What is the largest possible product of two negative number whose sum is 1?
two negative numbers can not add to +1
oh I'm sorry the problem actually say two non-negative numbers I misread the problem
x(1-x)=product
dProduct/dx=1-x + x(-1)=0
-2x=-1
x=1/2
other number is 1/2
largest product is 1/4
To find the largest possible product of two negative numbers whose sum is 1, we can start by understanding the given conditions:
1. We need to find two negative numbers.
2. The sum of these two negative numbers should be 1.
Let's assume the two negative numbers are x and y, where x and y are both less than 0.
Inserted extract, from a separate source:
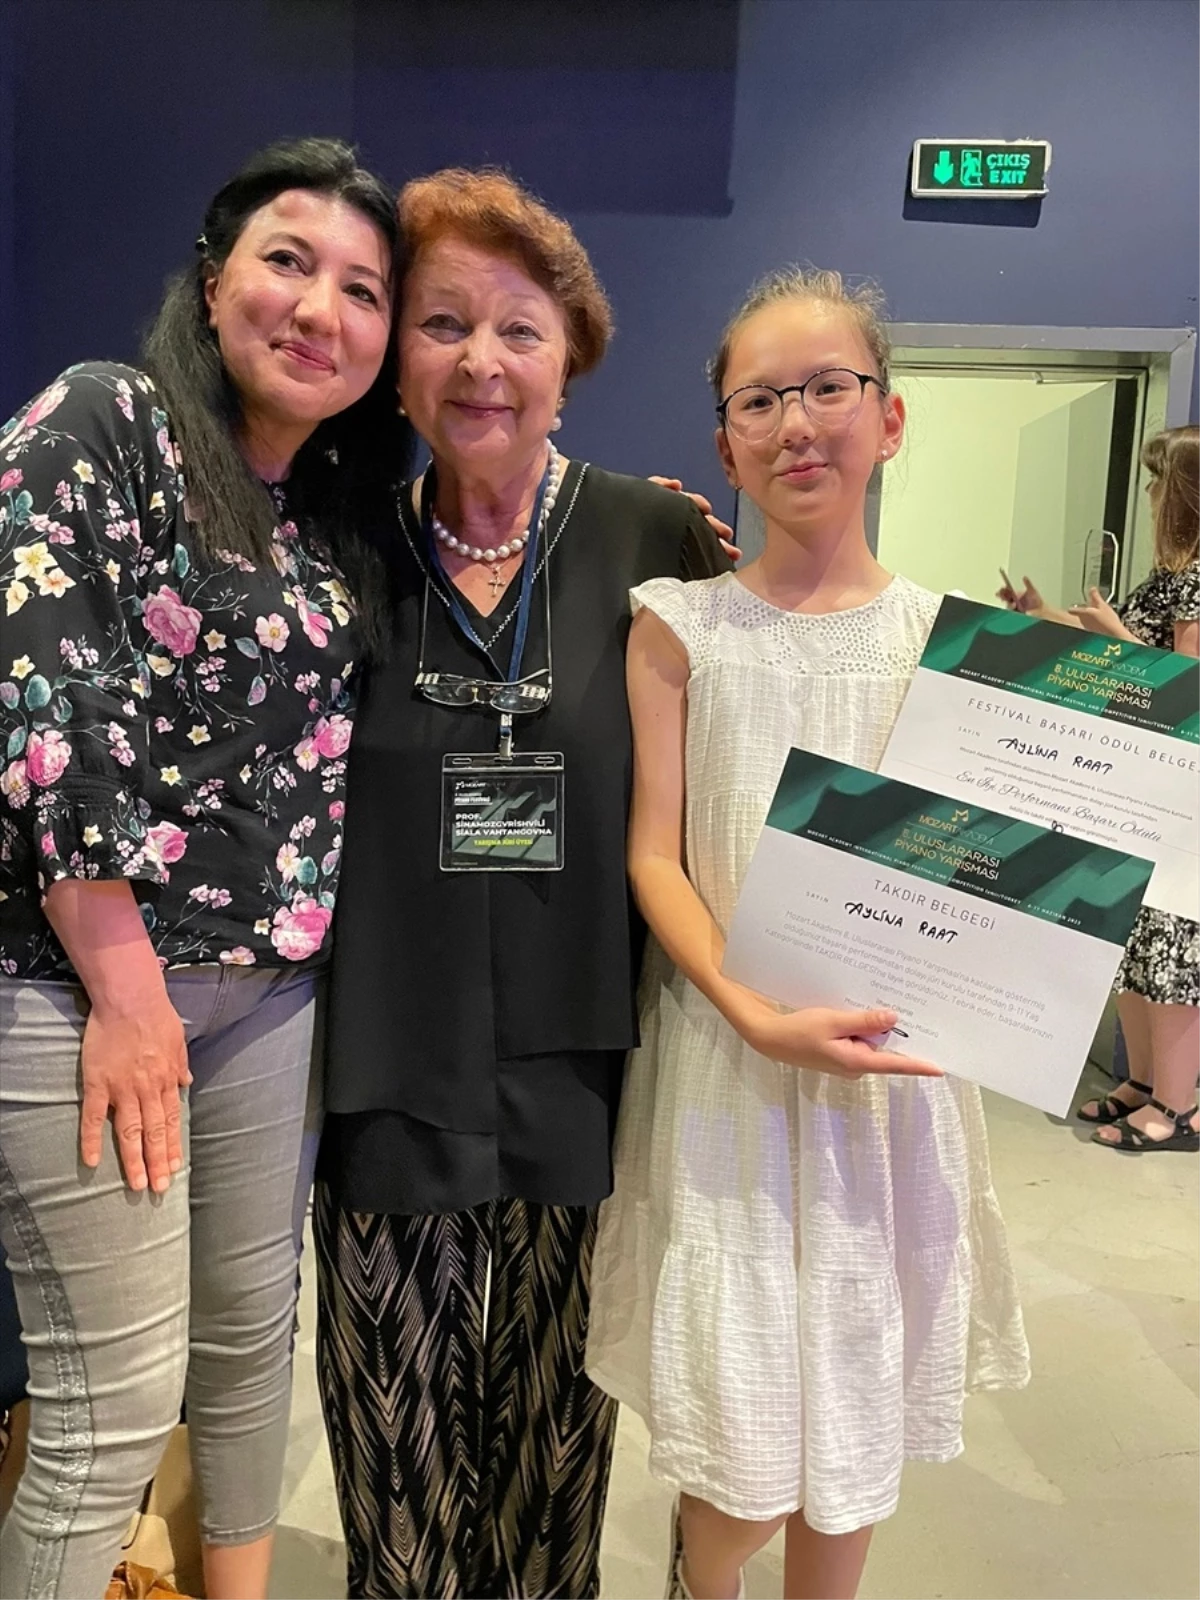 Antalya Büyükşehir Belediyesi İsmail Baha Sürelsan Konservatuvarı'ndan 10 yaşındaki Aylina Raat, milletlerarası piyano yarışında ödül aldı

According to the given conditions, we have the equation:
x + y = 1
To maximize the product, we should make both x and y as negative as possible. Since the sum is positive, one number should be close to 0 (approaching 0 from the negative side), and the other should be as negative as possible.
By intuition, let's consider x = -0.1 and y = -0.9. This satisfies the equation: -0.1 + (-0.9) = 1.
Now, let's calculate the product of x and y:
Product = x * y = (-0.1) * (-0.9) = 0.09
So, the largest possible product of two negative numbers whose sum is 1 is 0.09.
In general, to solve similar problems, start by understanding the given conditions and then optimize the variables accordingly.